Awesome! Now we have a fully functional MacOS guest and a host connected with a debugger. Haven’t had any issues with disconnects yet while using gdb. It also might be worth noting that many people have said you can also connect lldb to this debugStub using it’s gdb-remote command using the command (lldb) gdb-remote localhost:8864.

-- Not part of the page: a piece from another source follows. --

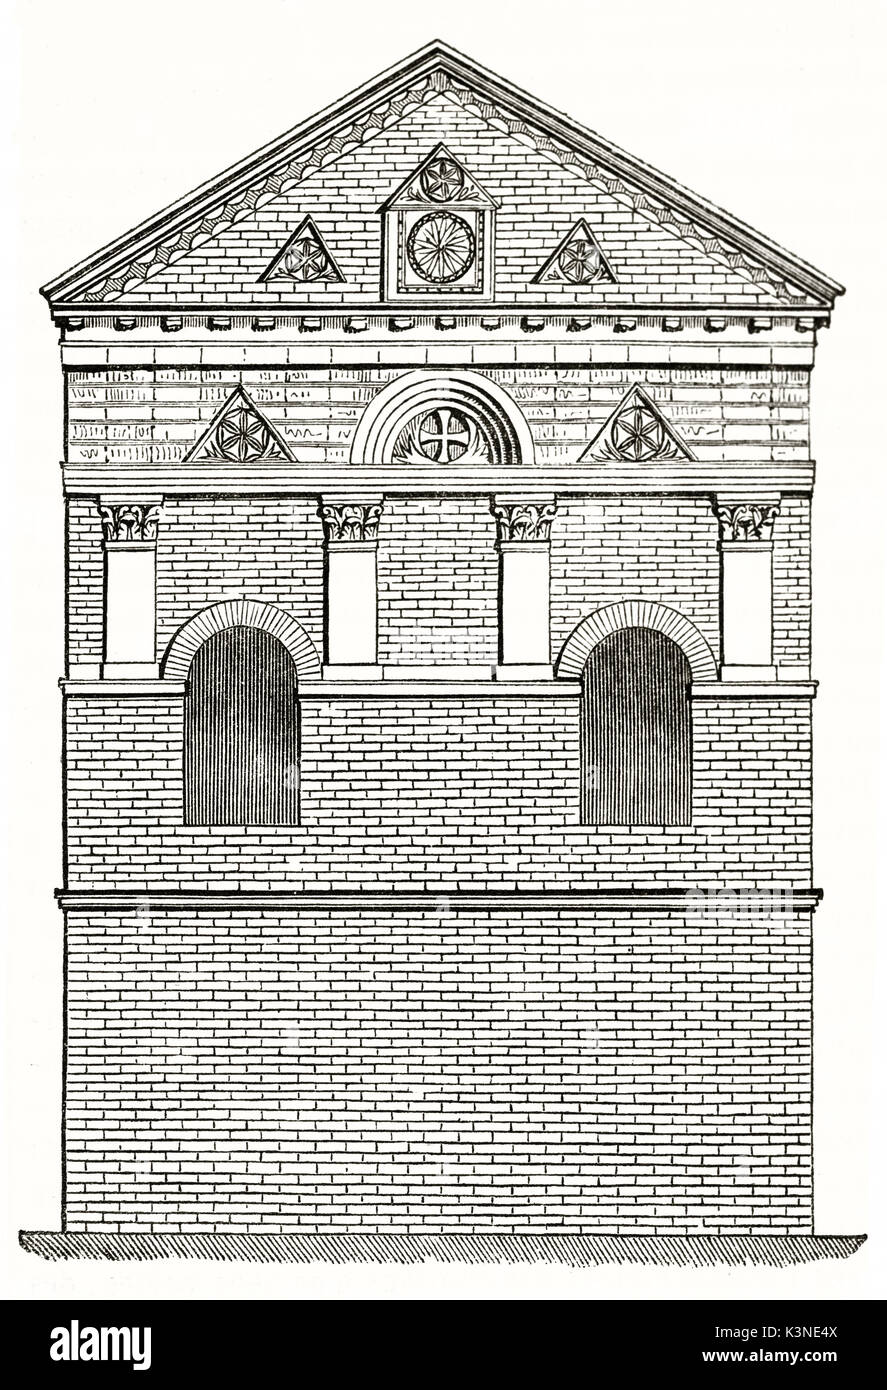 front view of a isolated religious edifice made with bricks wall. Baptistere Saint-Jean (Baptistery of St. John) Poitiers France. By unidentified author published on Magasin Pittoresque Paris 1839 Stock Photo

Afterthoughts - something very wrong might be lurking in my set up and may have been causing the udp issues with the kernel debugger, especially since I can’t really find anyone else discussing this problem. I was also loaded on pain medication due to a motorcycle accident, so it is extremely likely that I misread something or came up with my solutions in backwards ways. Regardless, this seems to have worked. Discussing this on twitter and slack with a few people, it seems like many others rely on the VMWare debugStub - though @i0n1c disagrees with me and said there must be something wrong with my setup. He is probably correct. If I end up solving the underlying issue, I will post the solution here. This blog was primarily just to serve as a culmination of all the random things I ended up trying to get this to work so I don’t have to go through the pain again. Hopefully someone else finds this useful!

Special thanks to @tamakikusu, @OngEmil and all of @RedNagaSec for your assistance both in knowledge, editing and insults to keep the world humble.